My relief at finding my blogging peer was still safe and secure in their personal life was weird–but expressing that concern/relief to them would be mortifying. I mean, why should it be, right? But it is.

It’s something that really resonated with me, as I’m still meeting people for the first time that have been long-time readers of Comics212. People that have seen me share probably more than I know in these 15 years, that might be getting an even larger piece of the Christopher Butcher ‘puzzle’ through Facebook, Twitter, Flickr, Instagram, or who knows? I’m still pretty steadfast that knowing about someone and ‘knowing’ them remain separate things, particularly as most people curate the aspects of themselves that they present to the world… But I was reminded by my own thoughts to have empathy for the actions of others, to calmly and rationally respond to what may seem like overbearing familiarity, and, since I’m the one putting it out there, to take some responsibility for my role in the situation.

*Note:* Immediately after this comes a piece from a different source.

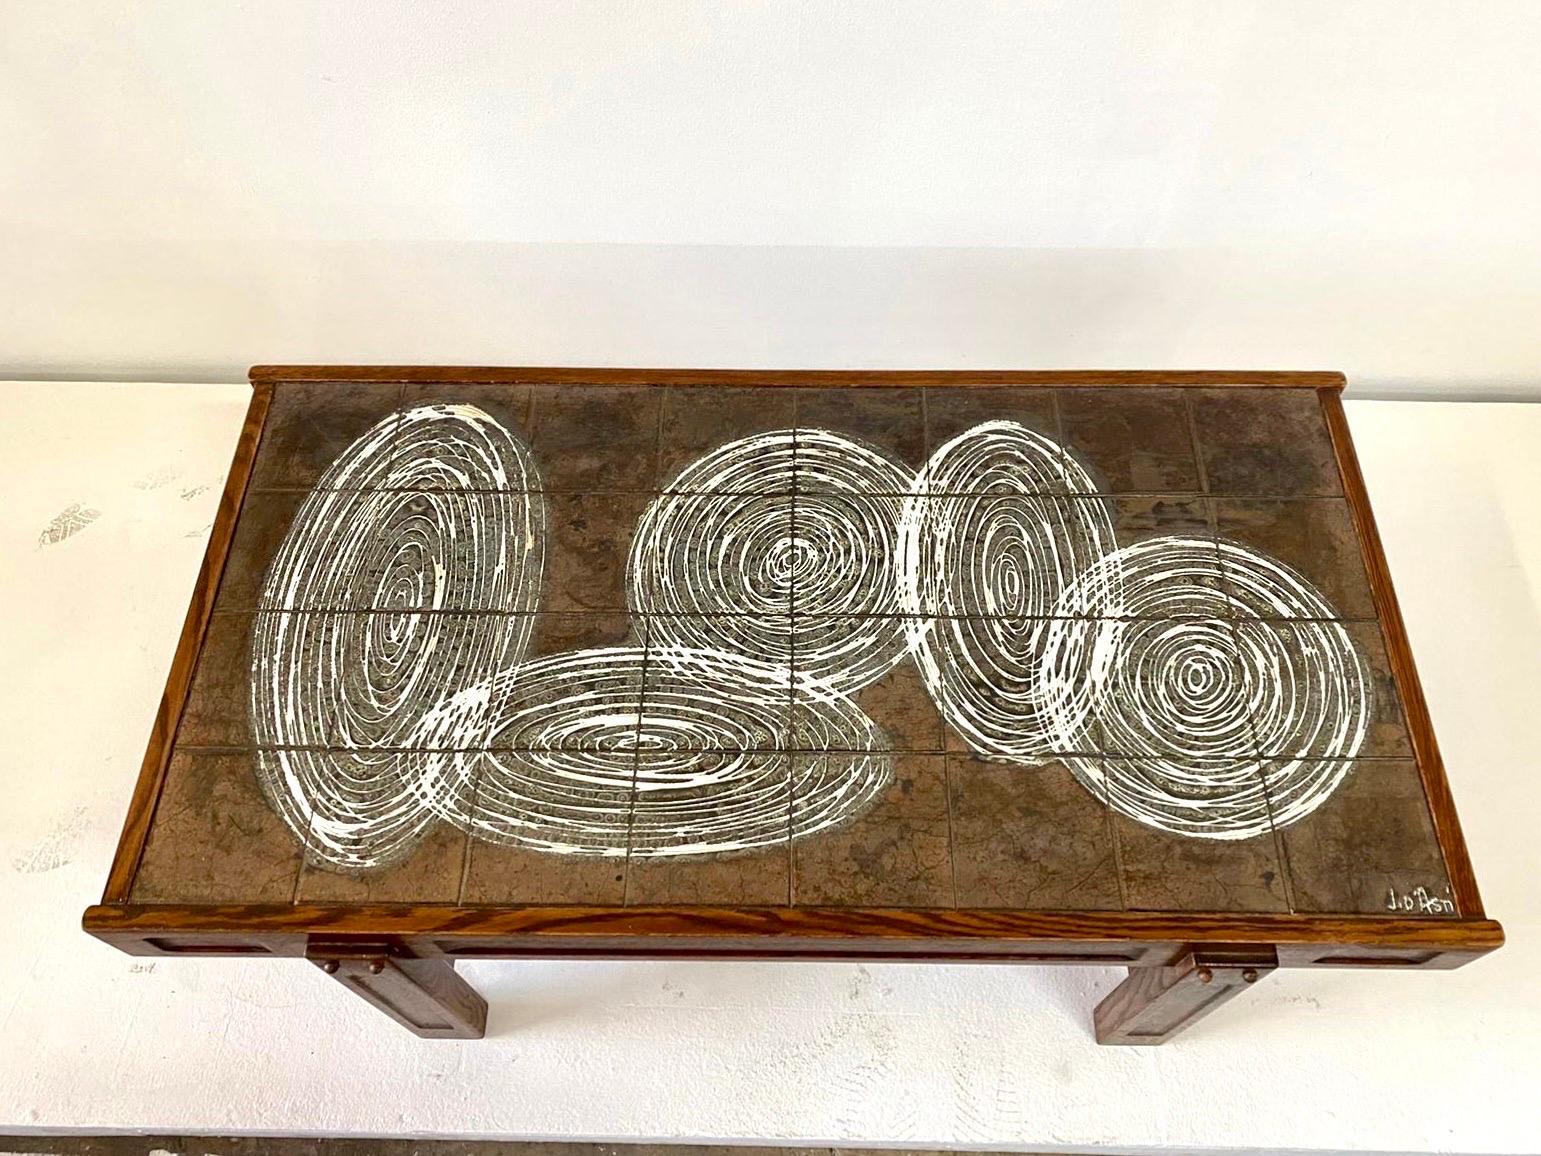 Cette table basse carrelée en céramique, à la fois merveilleusement moderne et vintage, a été fabriquée à Vallauris, France, vers les années 1960. Le design et les couleurs sont très pertinents aujourd'hui, des cercles et des ovales entrelacés

(As a very important aside: I’ve never felt unsafe because of the blog (very fortunate there) so my prescription is for myself. Folks who have been threatened should deal with that as seriously as possible–I hate that I need to put this in, but looking at the tone and tenor of Internet ‘discourse’ in 2013 I pretty clearly do.)

So to close: I did not write my blogging peer and wish them well, but I do. I just wish they’d update their blog more, now that their vacation is over.